A Massey University student is assessing the effects of the new fish friendly gates on fish populations and water quality. Mr de Monchy said that if the trial is successful, more fish friendly gates could be installed at additional locations.

“This work will be complemented by the Regional Council’s current Kaituna River Re-diversion and Wetland Creation Project which will also deliver on Strategy aims. We expect that the Kaituna River re-diversion project will lead to significant ecological improvements and reduced sedimentation in the estuary, which will also benefit native fish,” said Mr de Monchy.

“The project also aims to re-create at least 20 hectares of wetland habitat. The re-diversion will allow up to four times more water from the Kaituna to flow into the Maketū Estuary which will help restore the mauri (life force) of the area,” Mr de Monchy said.

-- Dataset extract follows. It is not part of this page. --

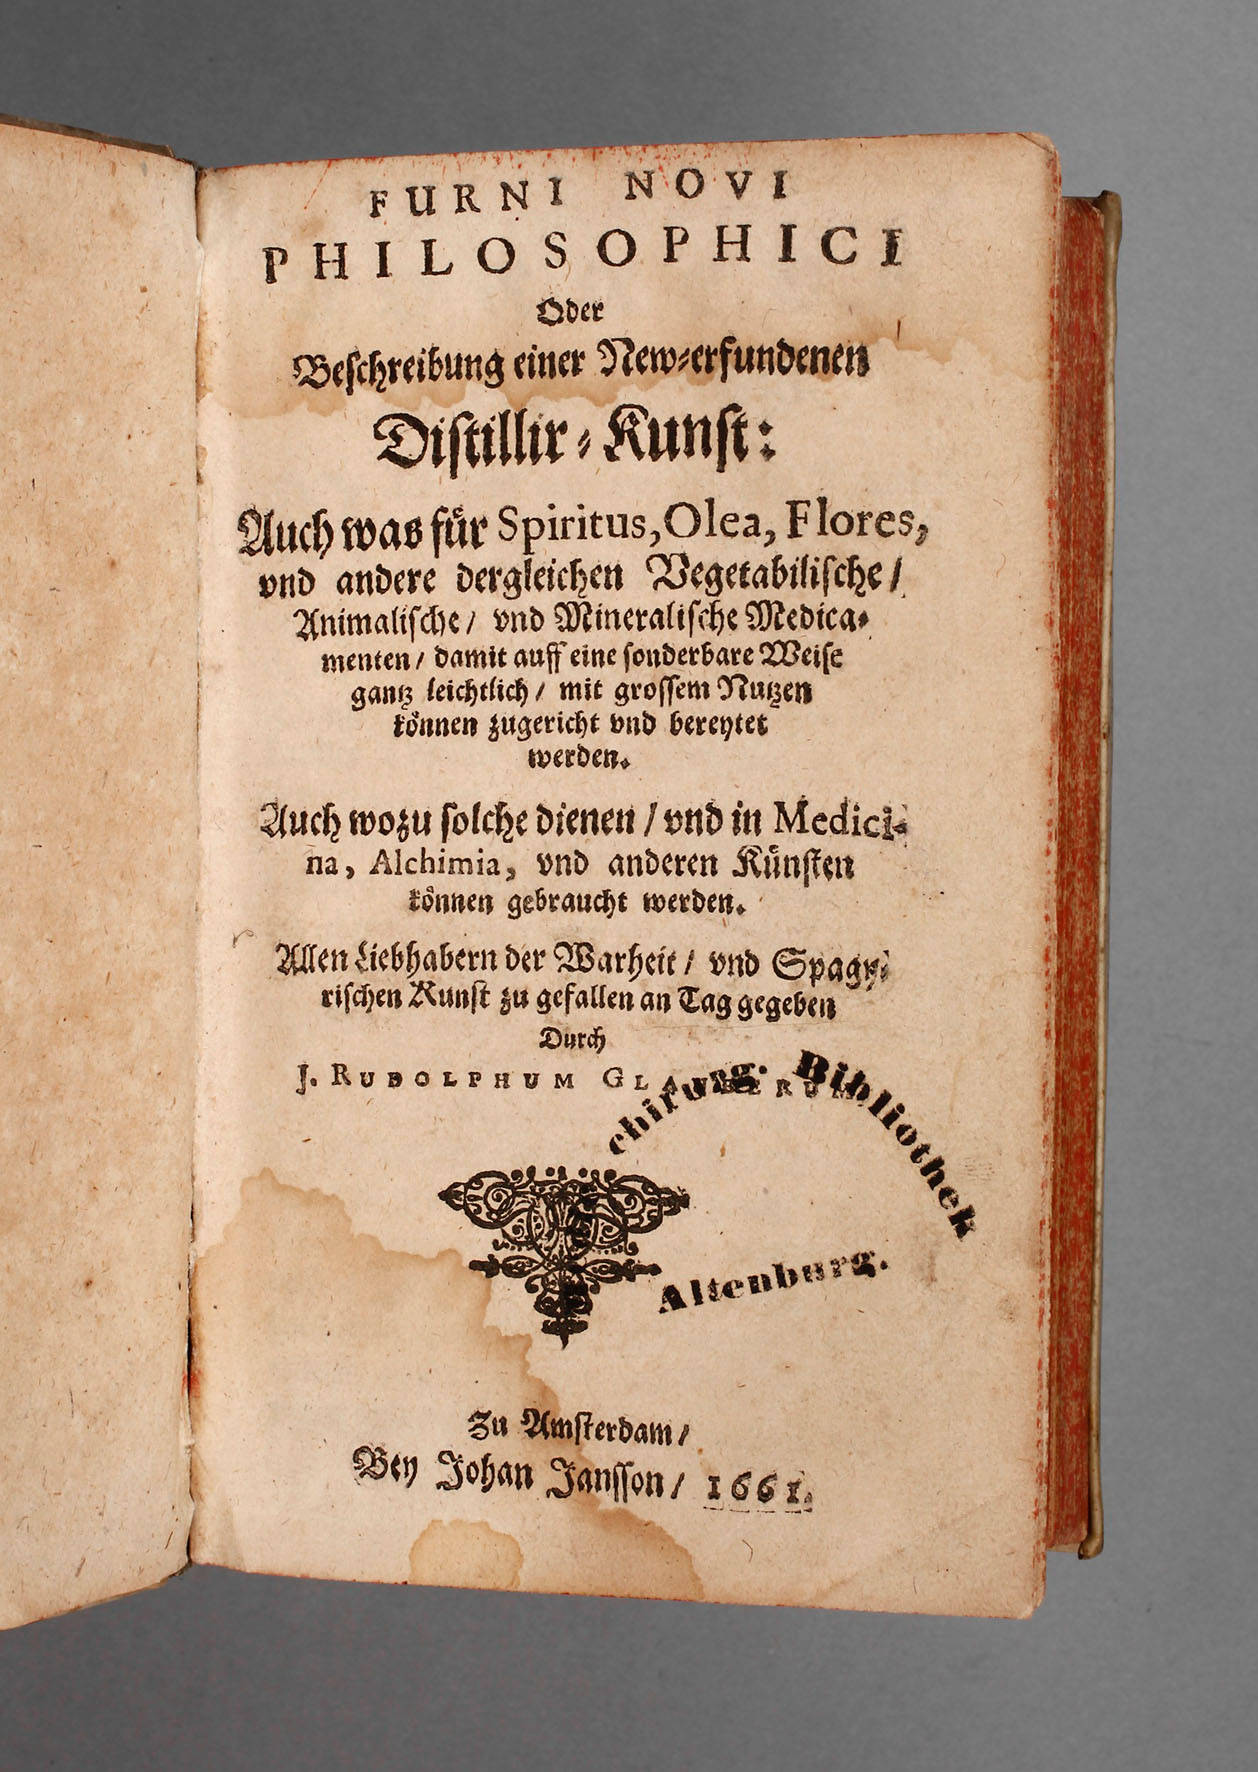 Glaubers Furni novi philosophici 1661

Regional Council staff and consultants presented modelling data at a community meeting on 6 March which showed how the chosen option for the Kaituna River re-diversion will maximise flow into the Ongatoro/Maketu Estuary while keeping Te Tumu cut open for flood protection and boating access.

A community session is being held at 2pm on Saturday 3 May at Whakaue Marae, to demystify the technical modelling data.

“At the workshop on May third, we’ll show in simple terms what effects the re-diversion is expected to have on kaimoana, boating and swimming safety, erosion and flood risk, based on modelling data. We’ll also have experts on hand to answer any questions that people still have,” said Mr de Monchy.

A further public meeting will be held at Whakaue Marae at 6pm on Thursday 8 May to outline the consent process and answer any last questions before consent applications are lodged for the Kaituna River Re-diversion and Wetland Creation Project.

Regional Council staff are planning to lodge resource consent applications and a Notice of Requirement to designate land required for the project, by late June this year.


Background information:
• The Bay of Plenty Regional Council works with the community to care for the region’s land, air and water.
• The Kaituna River and Ōngātoro/Maketū Estuary Strategy was developed to ensure the river and estuary are managed to meet the community’s needs for clean water, abundant native wildlife, kaimoana, recreation and kaitiakitanga.
• The Strategy was developed in 2009 by Bay of Plenty Regional Council, Western Bay of Plenty District Council, Tauranga City Council and Rotorua District Council with iwi, hapū, individuals, community groups and organisations from the Kaituna/Maketū community.
• The Regional Council is leading the Kaituna River Re-diversion and Wetland Creation Project to increase the volume of fresh water flowing from the Kaituna River into Ongatoro/Maketū Estuary. This will help to meet the goals of the Strategy.